Defendant’s evidence tended to show the following: Defendant lived at Hillcrest Apartments. She never saw Messer until after she was arrested. Messer was never in her .apartment. She did not leave her apartment during the night in question.

The cases were submitted to the jury on charges of kidnapping and common law robbery. The jury returned verdicts of guilty of kidnapping and common law robbery.

Attorney General Edmisten, by Associate Attorney Wilton E. Ragland, Jr., for the State.

Robert L. Harrell, Assistant Public Defender, for the defendant.

BROGK, Chief Judge.

[1] Defendant argues that it was error to allow the prosecuting witness to testify about the acts of violence without first *314fully establishing the identity of the perpetrator. This-argument is feckless. Before describing what took place, the prosecuting witness identified defendant as the person who flagged him down. In any event the order of proof is in the discretion of the trial judge. State v. Franks, 262 N.C. 94, 136 S.E. 2d 623 (1964). No abuse of discretion has been shown.

[2] Defendant next argues that the evidence does not support a conviction of kidnapping. He cites State v. Knight, 248 N.C. 384, 103 S.E. 2d 452 (1958). In Knight the defendant dragged his victim into the woods for the purpose of blotting out the evidence of the homicide. In this case defendant carried the victim to the apartment for the purpose of committing the offenses of robbery and assault.
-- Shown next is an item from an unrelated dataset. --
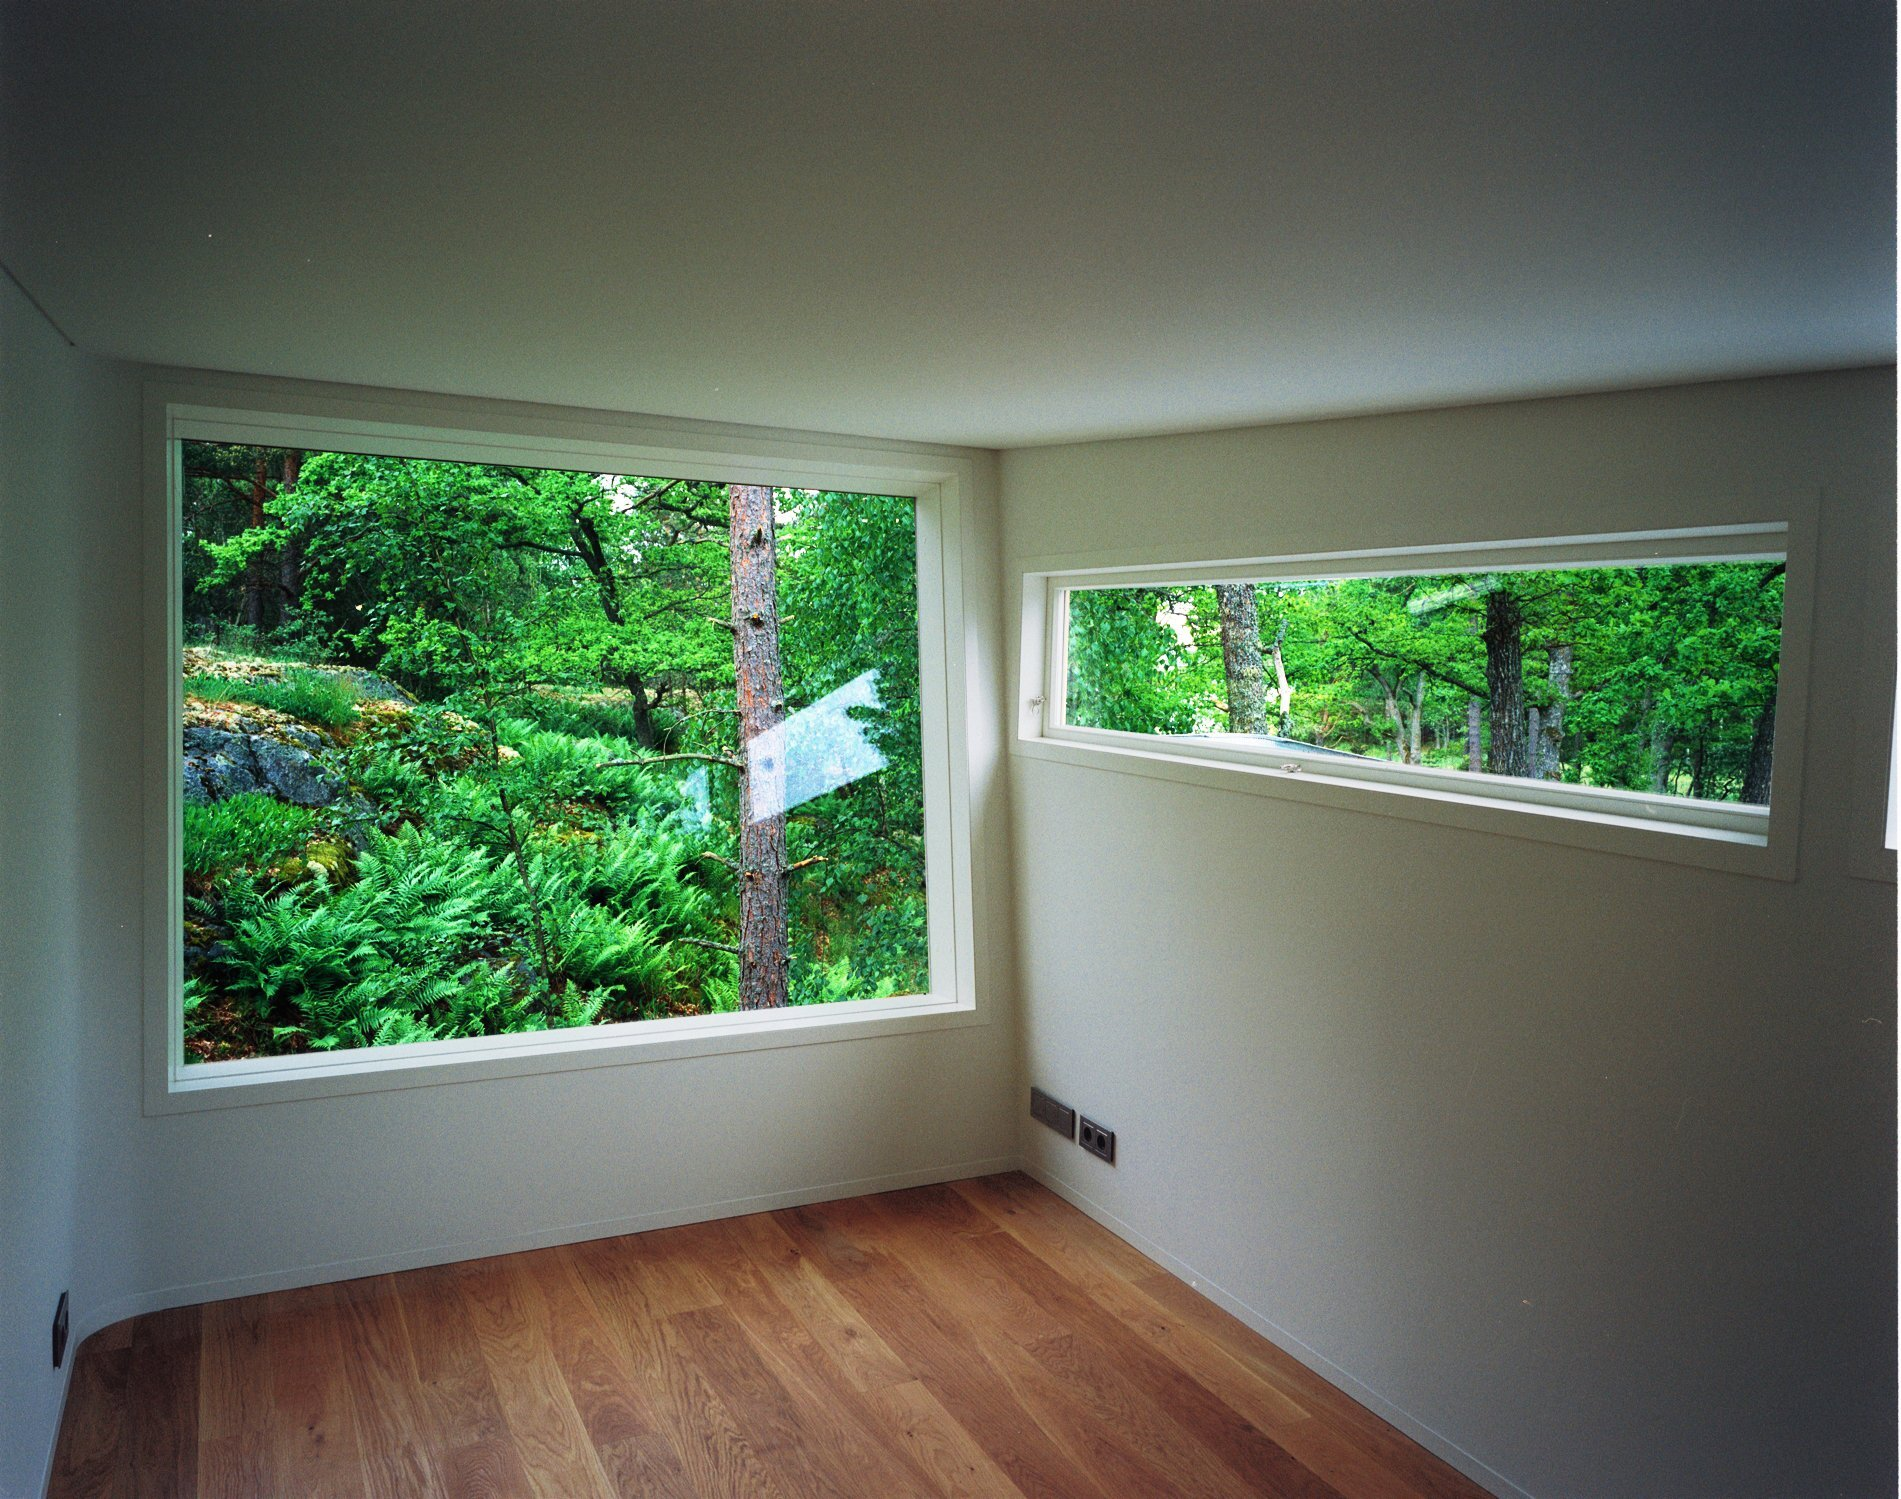 The Wood House - Schlyter + Gezelius Arkitektkontor - Small House - Sweden - Loft - Humble Homes

Defendant also relies on State v. Roberts, 286 N.C. 265, 210 S.E. 2d 396 (1974). In Roberts it was held that where the victim was pulled a distance of only eighty to ninety feet, the requirement of “carrying away” was not satisfied so as to support a conviction of kidnapping. In the present case the distance the victim was carried was not shown, but there is no contention that the victim was not carried away from the immediate vicinity of the ramp from Patton Avenue to the expressway where the original assault upon him was committed. This assignment of error is overruled.

Defendant argues that the charge of common law robbery should have been dismissed. The evidence is sufficient to show that defendant was present and aiding and abetting in the robbery of the victim. This assignment of error is overruled.

No error.

Judges Morris and Hedrick concur.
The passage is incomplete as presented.